‘All right, Mr. Glas*, we’ll switch you on now.’ The young neurologist is carrying an old-fashioned electronic device the size of a first-generation mobile phone. ‘I’m just going to check your battery status.’ Mr. Glas nods. The 68-year old man is exhausted. He travelled all the way to Berlin from a village in Brandenburg. Now, the doctor is moving closer, with the device still in his hand. Mr. Glas knows what’s coming and slightly bends forward to meet the neurologist half way. The doctor presses a button on the device. ‘You’re back on.’
Mr. Glas has Parkinson’s disease. He was diagnosed ten years ago after noticing a stiffness and slight shaking of his right hand. He was given Levodopa, a dopamine replacement drug commonly prescribed to alleviate the symptoms. It worked, but only for a while. After only a couple years the effect of the drug seemed to come in waves and Mr. Glas started noticing twitches in his arm that he couldn’t control. This was when he first came to the university hospital to be seen by experts of the movement disorders clinic. This was when he first heard about deep brain stimulation.

Deep brain stimulation (DBS) has become one of the most exciting and rapidly expanding fields in neurosurgery.
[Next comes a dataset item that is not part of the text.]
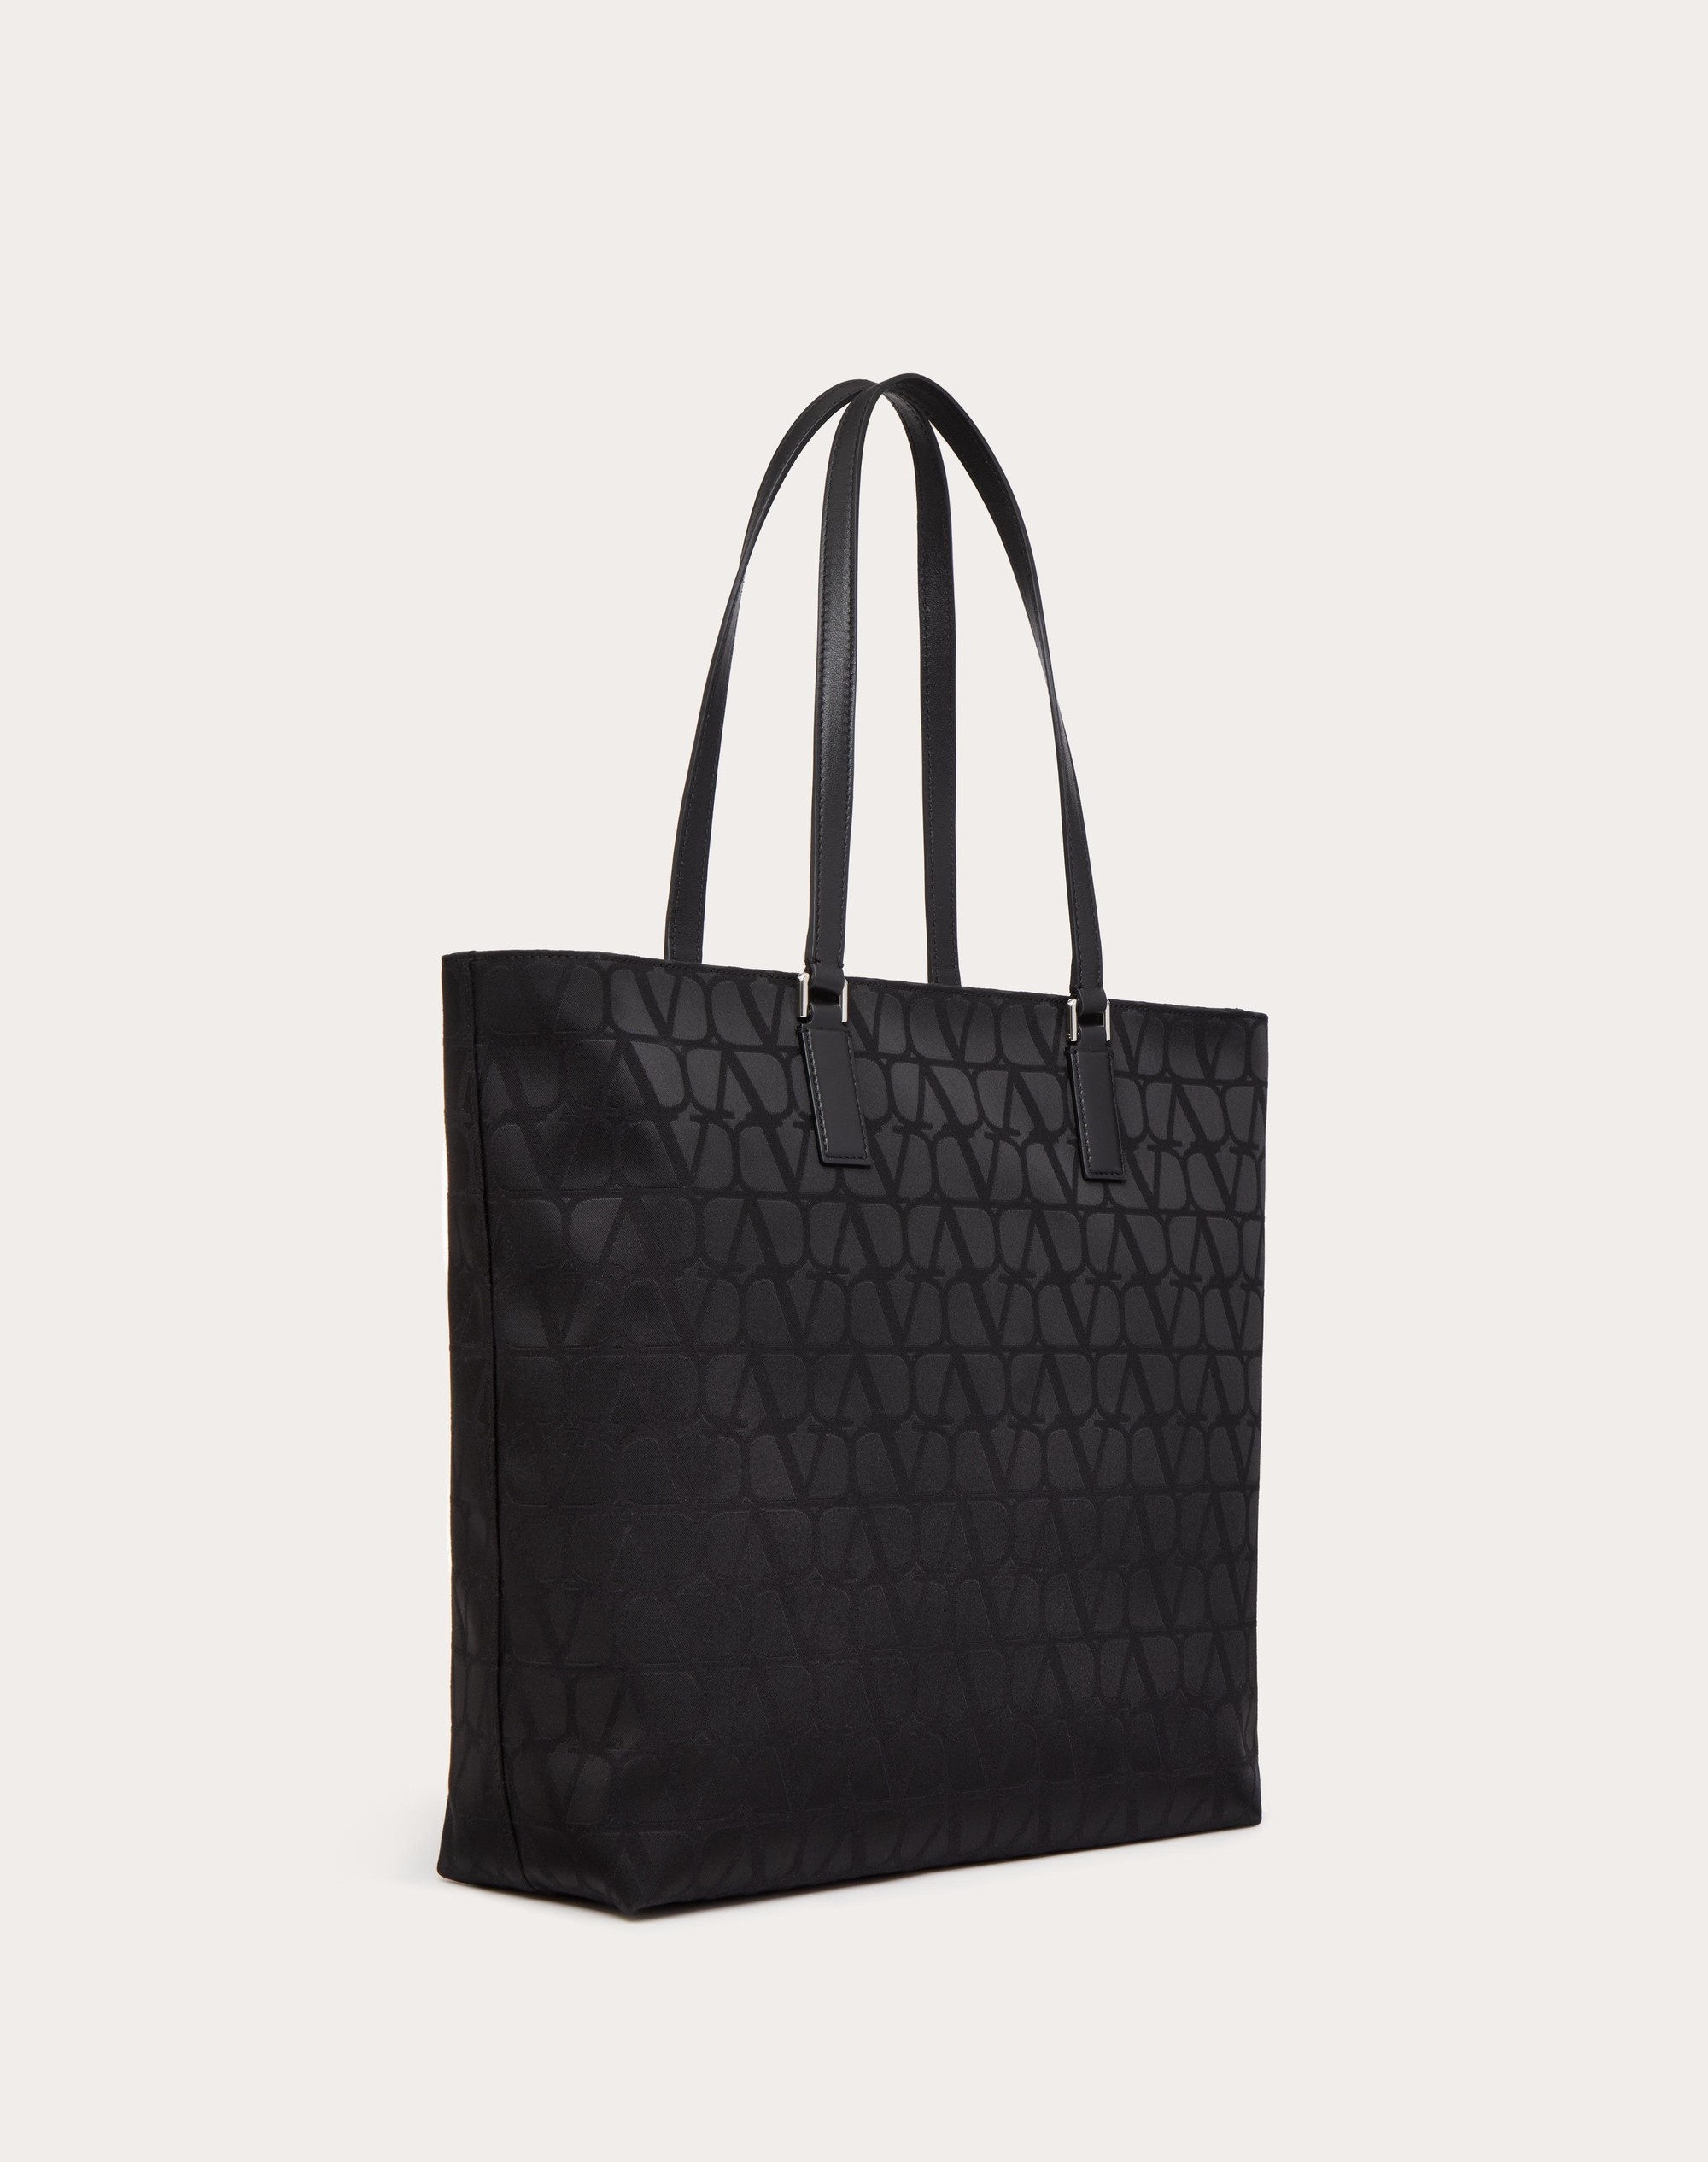 TOILE ICONOGRAPHE SHOPPING BAG IN TECHNICAL FABRIC WITH LEATHER DETAILS - 3

Today, it is applied as therapy for a growing range of neurological and psychiatric disorders like Parkinson’s disease, dystonia, chronic pain, Tourette’s syndrome, obsessive-compulsive disorder and depression. However, the mechanisms underling it’s functioning are still only poorly understood. Leading neuroscientists all over the world are working full-speed to help decipher the neural network and hierarchies underlying this powerful treatment. But neuroscience can learn more from DBS: the treatment provides a unique opportunity to study the brain from the inside rather than from its surface or through a low-resolution 3D MRI-image, opening a rare window to the deepest structures of the brain. In patients with Parkinson’s, neural recordings of DBS electrodes are now used to inform about the representation and processing of movement, motivation and emotion in the brain.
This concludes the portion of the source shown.